Keitel's always game for something like this part, which plays like his Bad Lieutenant gone Grand Guignol, which makes for one of the best pleasures of the project. He doesn't have a whole lot of range in the role, but it's a fun one for him, chewing on the meat that Argento throws out for him scene after scene. Argento, meanwhile, even for *him* overdoes it with the horror music in certain scenes, and dares to go to too much excess with the symbolism of the white spots on the cat. But it's totally a wonder to see that dream sequence, where Keitel is in the midst of a medieval Pagan sacrifice, with a sharp cut-away in the most violent bit.
And I loved the pleasure that Argento takes in enlivening Poe's macabre with his own, with the violence extending from mania into the visual.
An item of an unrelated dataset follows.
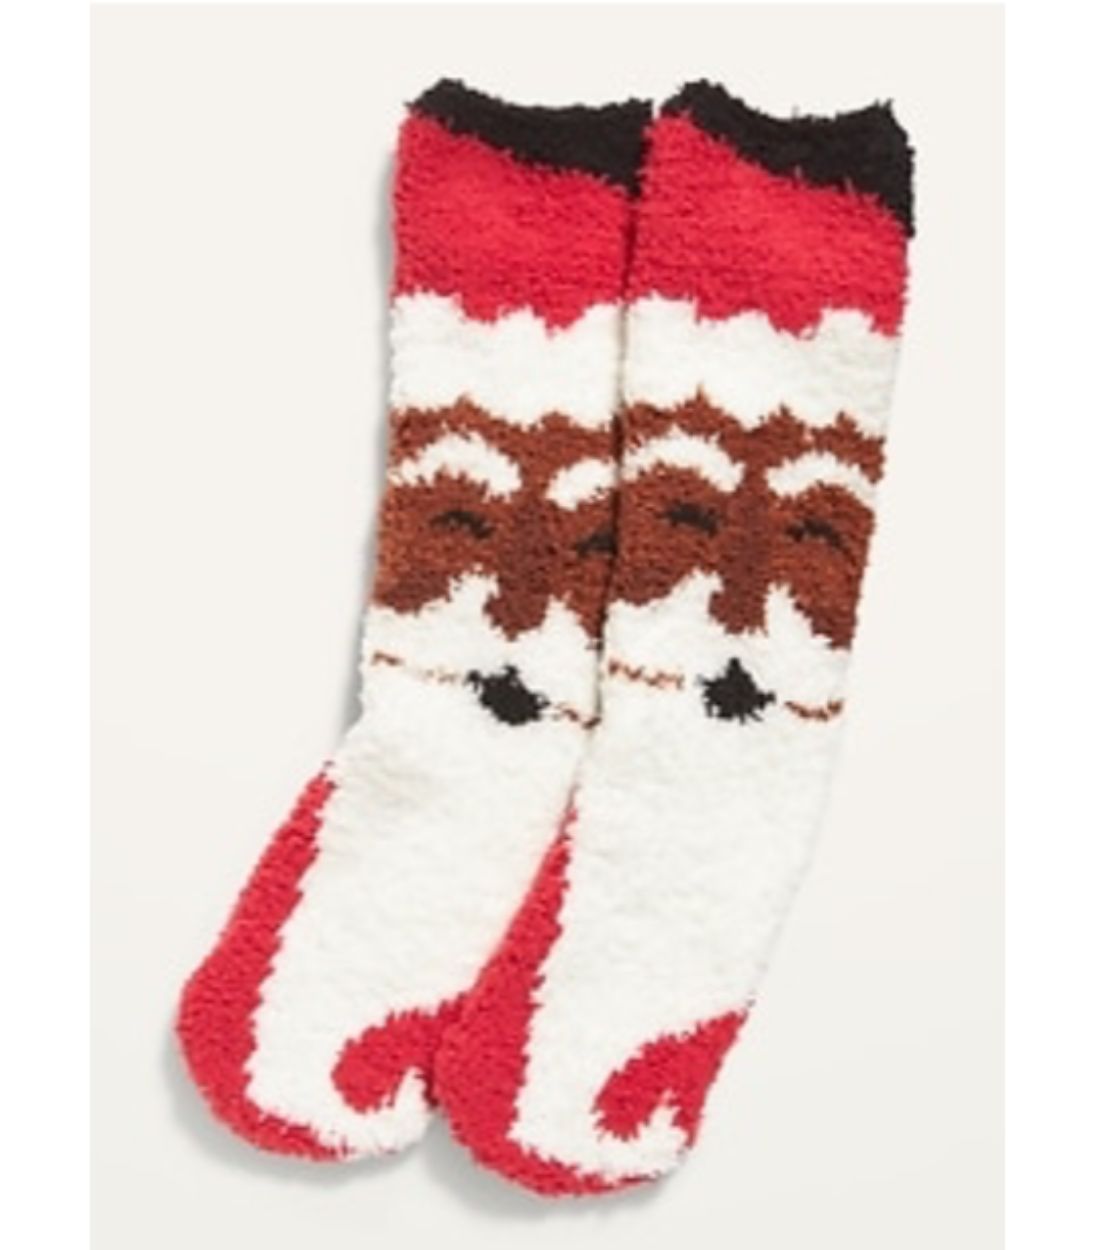 Black Santa socks from Old Navy

I had my complaints at times, but it's hard to not throw up one's hands with Argento and say "why carp!" when he's unabashed in his passions of mostly constant camera movement (tracking, cranes, close-ups, pans, you-name-it) and illogical steps in plot (i.e. why Keitel's character would even put out a book with cat deaths knowing his girlfriend might see them, let alone so soon).
8/10 Bottom line, fans of the directors should check out the films, and decide for themselves how they do. It's two tall tales of curses and death, derangement and the surreal, and it's a concoction worth at least one viewing.